● **Source data**:
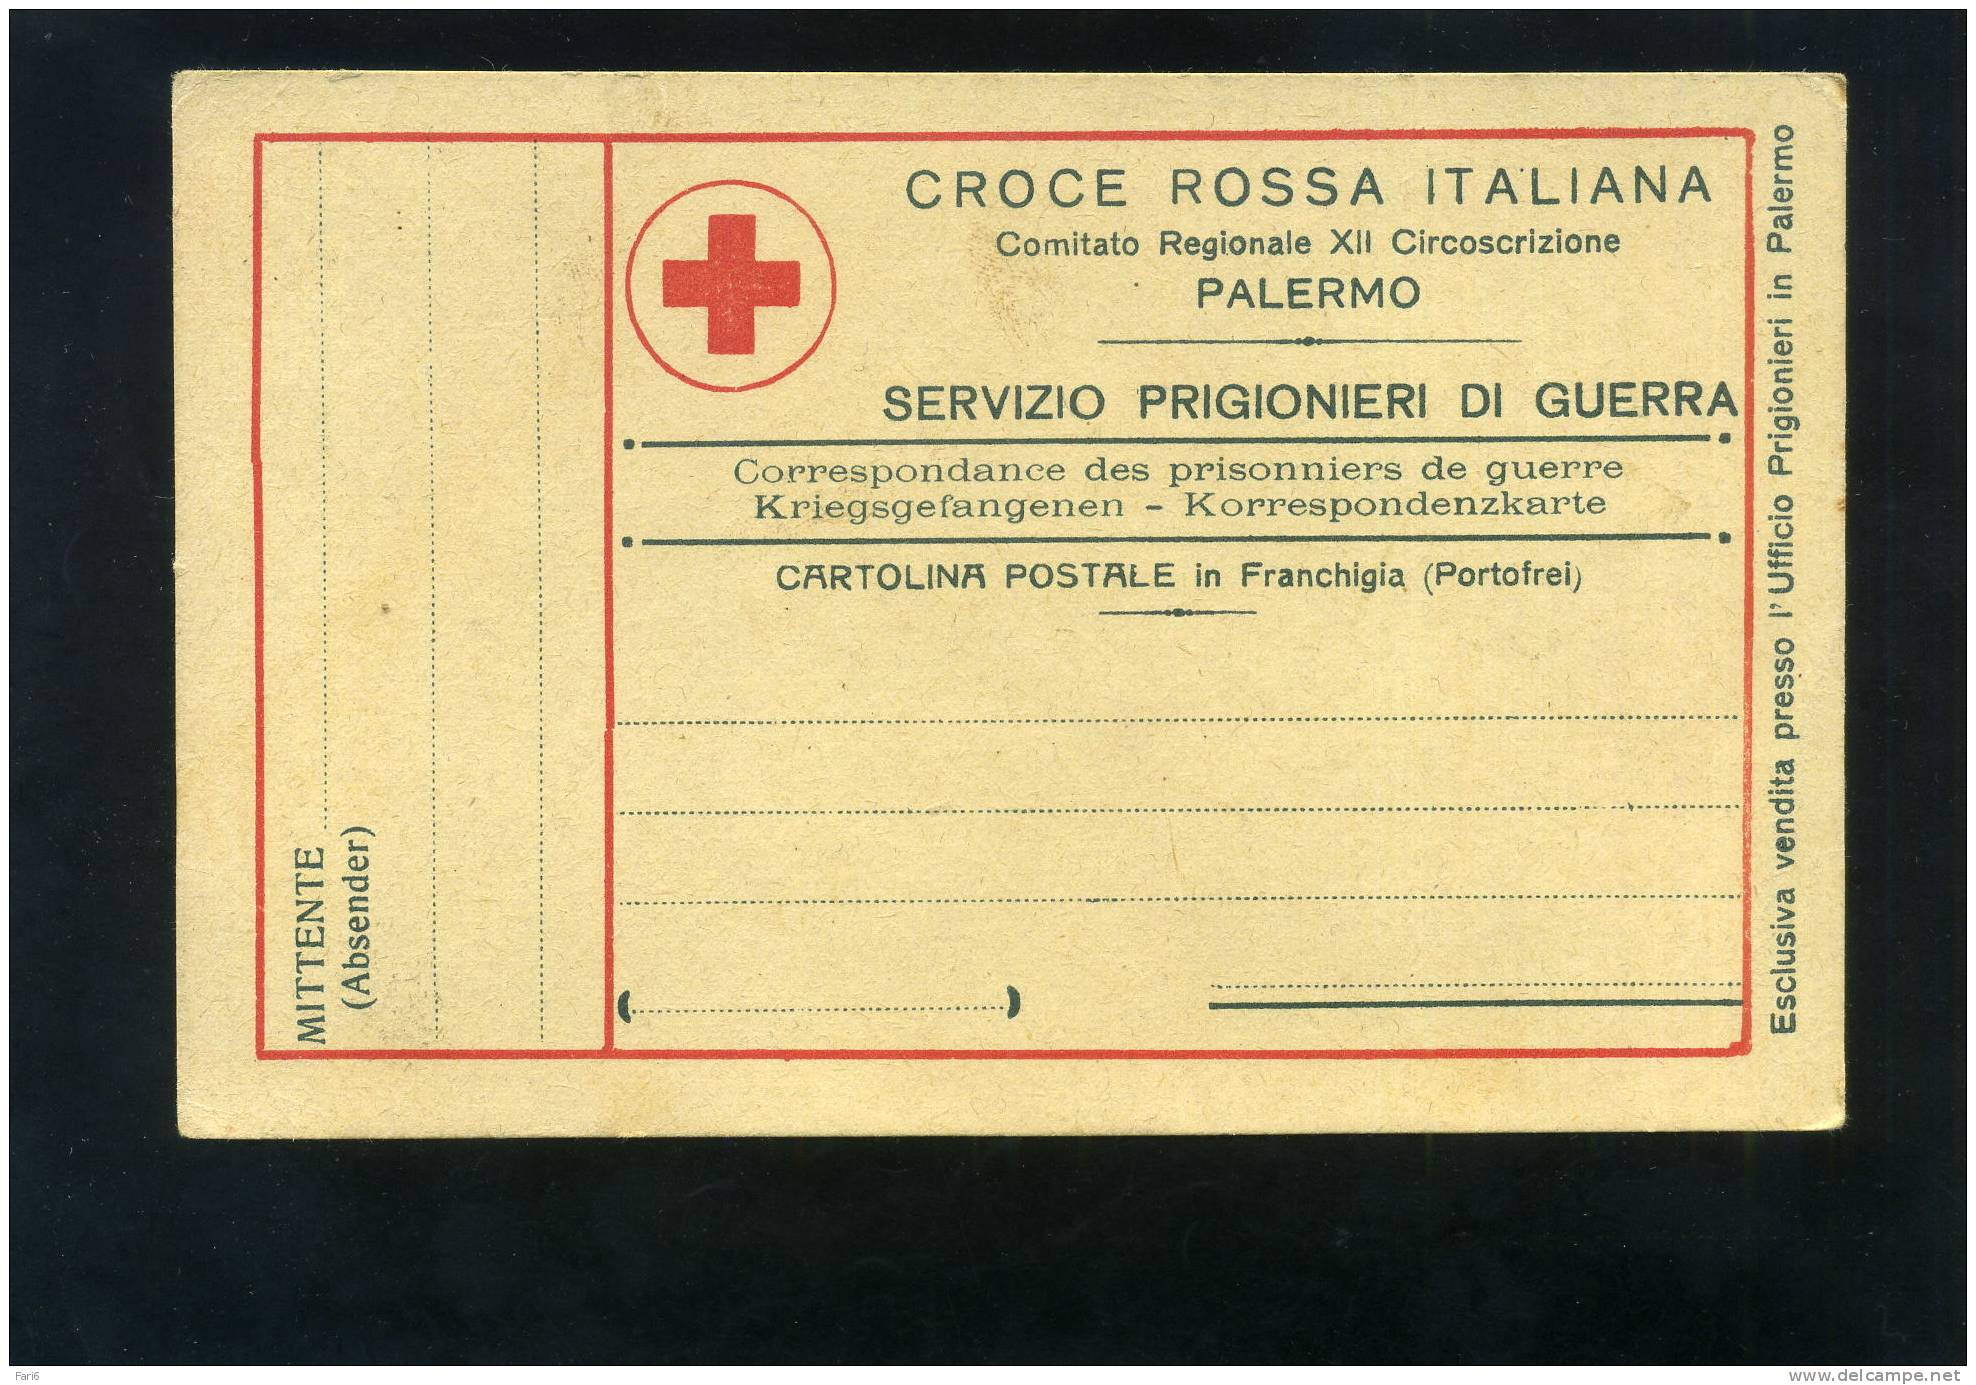 T0102 CARTOLINA FRANCHIGIA CROCE ROSSA PALERMO SERVIZIO PRIGIONIERI DI GUERRA - Red Cross
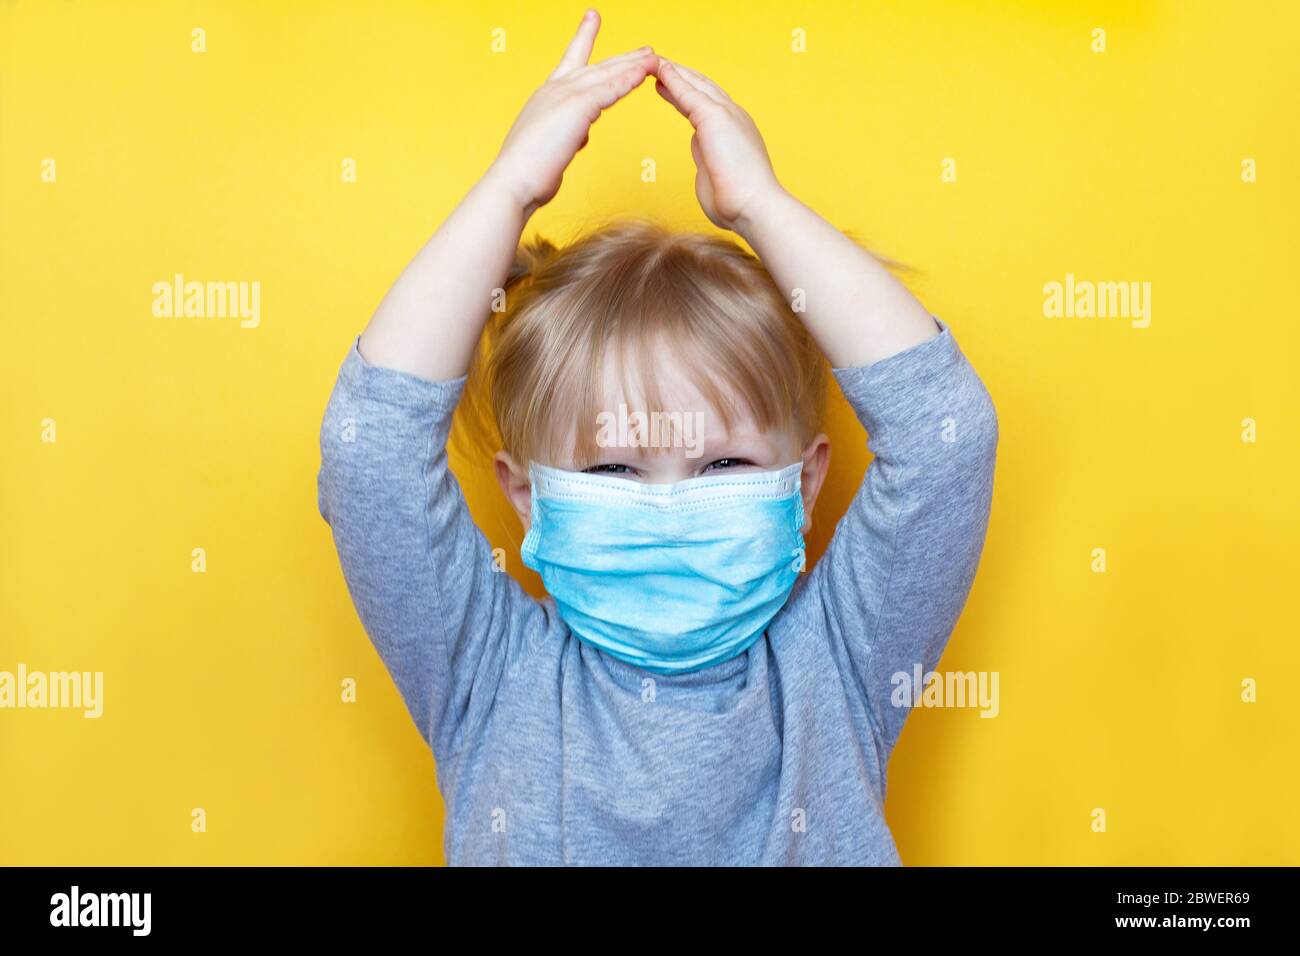 Kleines aukasisches Mädchen mit Schutzmaske. Konzept Isolierung zu Hause zu helfen, Coronavirus Covid-19 und Umweltschutz zu stoppen Stockfoto
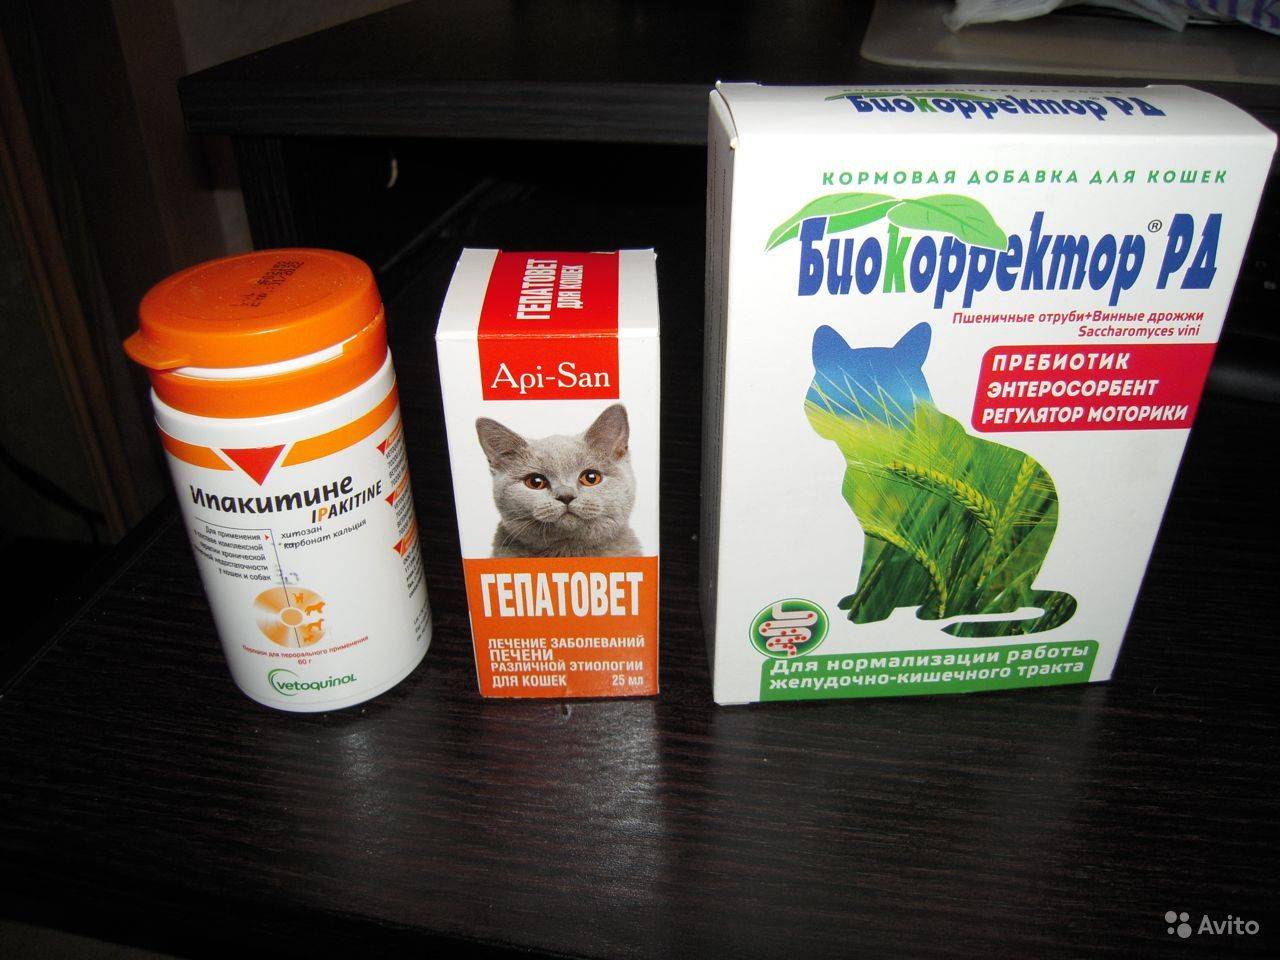 Ипакитине: лекарство для лечения почечной недостаточности у кошек

● **Your task**:
The answer should match the data above word for word, with no pictures in it.

● **Written response**:
 T0102 CARTOLINA FRANCHIGIA CROCE ROSSA PALERMO SERVIZIO PRIGIONIERI DI GUERRA - Red Cross
 Kleines aukasisches Mädchen mit Schutzmaske. Konzept Isolierung zu Hause zu helfen, Coronavirus Covid-19 und Umweltschutz zu stoppen Stockfoto
 Ипакитине: лекарство для лечения почечной недостаточности у кошек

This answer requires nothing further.